В нем разгоралась злость, словно огонек в ночи. Чтобы не дать ему угаснуть, Пассан принялся вспоминать раздражавшие его привычки Наоко. Например, она могла пить чай в любое время суток. И наливала чашку до краев. Тоннами скупала косметику — баночки и тюбики загромождали в ванной все полки, как бы огораживая пространство, принадлежавшее только ей и больше никому. Обожала дарить другим всякие мелочи, что, на его взгляд, говорило не о щедрости, а о скупости. Часами лежала в ванне. Не успев прийти с работы домой, мчалась полоскать горло. А акцент? Иногда он его просто бесил. А ее манера каждую фразу начинать со слова «нет»? Или переходить на английский, если французских слов не хватало. Но главное — ее глаза. Черные, миндалевидные, непроницаемые. Глаза, которые все впитывали и ничего не выражали.
Со временем Наоко превратилась для него в какой-то вирус, в проказу, пожиравшую сложившийся у него чистый образ идеальной Японии. Он сжал кулаки и смежил веки, пытаясь представить, как Наоко заживо горит, охваченная яростным пламенем его гнева.
Но ничего не получилось.
Вместо этого он подумал о том, как прекрасно они ладили. Пассану нравилось отношение Наоко к любви. Никаких бурных излияний чувств, никаких «я тебя люблю» через слово (японцы вообще не употребляют это выражение), никаких «нет, ты первый вешай трубку» и прочей пошлятины, всегда вызывавшей у него тошноту.
Жан Кокто стащил у Пьера Реверди одно высказывание, которое вставил в диалог героев в знаменитом фильме Робера Брессона: «Любви нет. Есть лишь доказательства любви».[31] Реплика пошла гулять по миру, обретя значимость универсальной максимы. Пассан, со своей стороны, всегда сознавал, что в ней скрыта глубокая правда: в любви важны только поступки. Слова не стоят ничего.
Но Наоко говорила так мало, что каждое ее слово весило не меньше поступка. Когда она среди ночи шепнула ему, раз или два, не больше, со своим колдовским акцентом: «Я тебя люблю», ему показалось, что он стоит под звездным небом посреди пустыни и смотрит в колодец, на дне которого плещется вода.
Всего три коротких слова, наполнивших его жизнь смыслом…
72
— Гийар дал признательные показания.
— Как это?
— В письменном виде. Прислал мне свою исповедь.
Иво Кальвини встретил Пассана у ворот. Его впалые глаза горели привычным лихорадочным блеском, но одежда — он вышел в ярко-синем спортивном костюме и белоснежных кроссовках — придавала ему непривычный, едва ли не комичный вид. Удивил Пассана и дом, в котором жил прокурор, — непритязательное сооружение из песчаника, похожее на шахтерские домишки и расположенное в самом центре Сен-Дени. Кальвини, производивший впечатление высоколобого и спесивого зануды, оказался скромным обитателем рабочего пригорода.

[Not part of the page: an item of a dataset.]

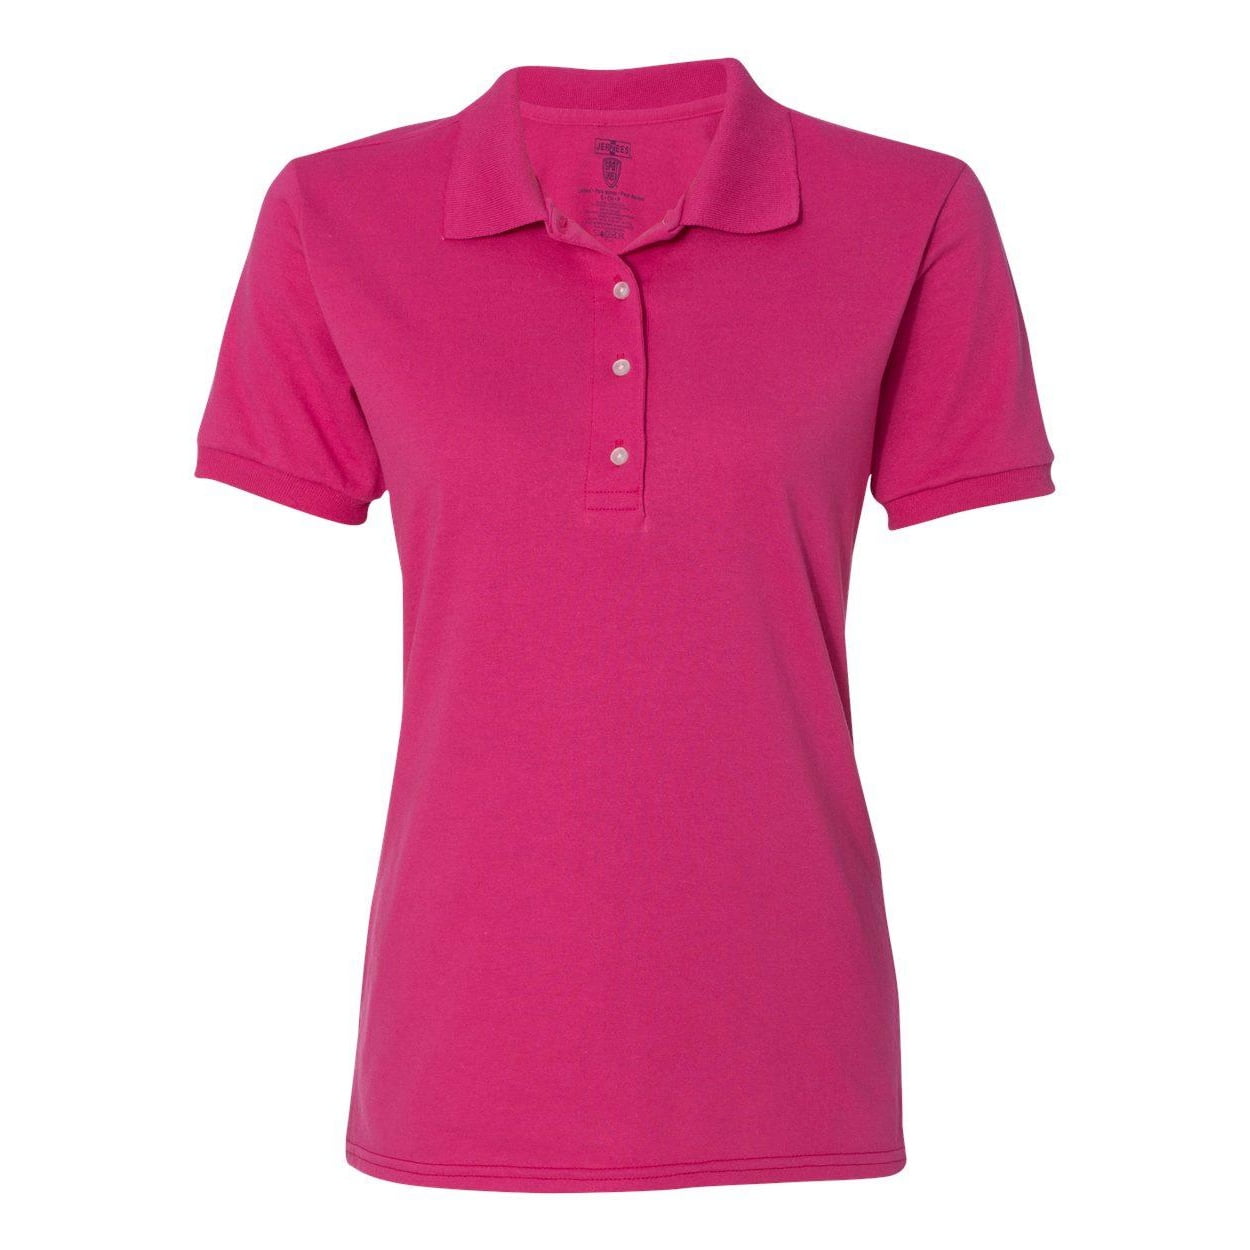 JERZEES - Women's Spotshield 50/50 Polo - 437WR - Cyber Pink - Size: L ...

— Как к вам попал этот материал? — спросил Пассан.
— По почте. Проще простого. Нечто вроде: «В случае моей смерти прошу переслать…»
Он еще и шутил — это было что-то новенькое. Впрочем, сама ситуация не вписывалась ни в какие привычные рамки. Чтобы высокое начальство пригласило сыщика к себе домой, в воскресенье, в девять утра… Невиданное дело.
— Входите, прошу вас.
Он посторонился, пропуская гостя на участок. Они прошли через квадратный газон, и Кальвини махнул рукой на стоявшие под высоким дубом чугунный стол и стулья:
— Присаживайтесь. Сегодня не очень холодно. Сейчас я принесу документ. Кофе хотите?
Пассан кивнул. Со вчерашнего дня у него во рту не было ни крошки. Заснул он, погруженный в любовные мечтания. Это был не сон, а какое-то забытье — без сновидений, без чувств. Проснулся в пять утра и содрогнулся от сознания собственной безответственности. Его детям грозит опасность. Его бывшая жена, чудом избежавшая гибели, лежит в больнице. По городу бродит убийца, вооруженная катаной. А он чем занят? Спит! Быстро собравшись, он поехал в отель «Пульман» проведать сыновей. Шепотом переговорил с Фифи — Жаффре и Лестрейд храпели, устроившись на двух диванах.
— Посидишь сегодня с ребятами?
— Естественно. Это моя работа.
— Что собираетесь делать?
— Пойдем в «Аквабульвар». Или на Тронную ярмарку. Еще не решил.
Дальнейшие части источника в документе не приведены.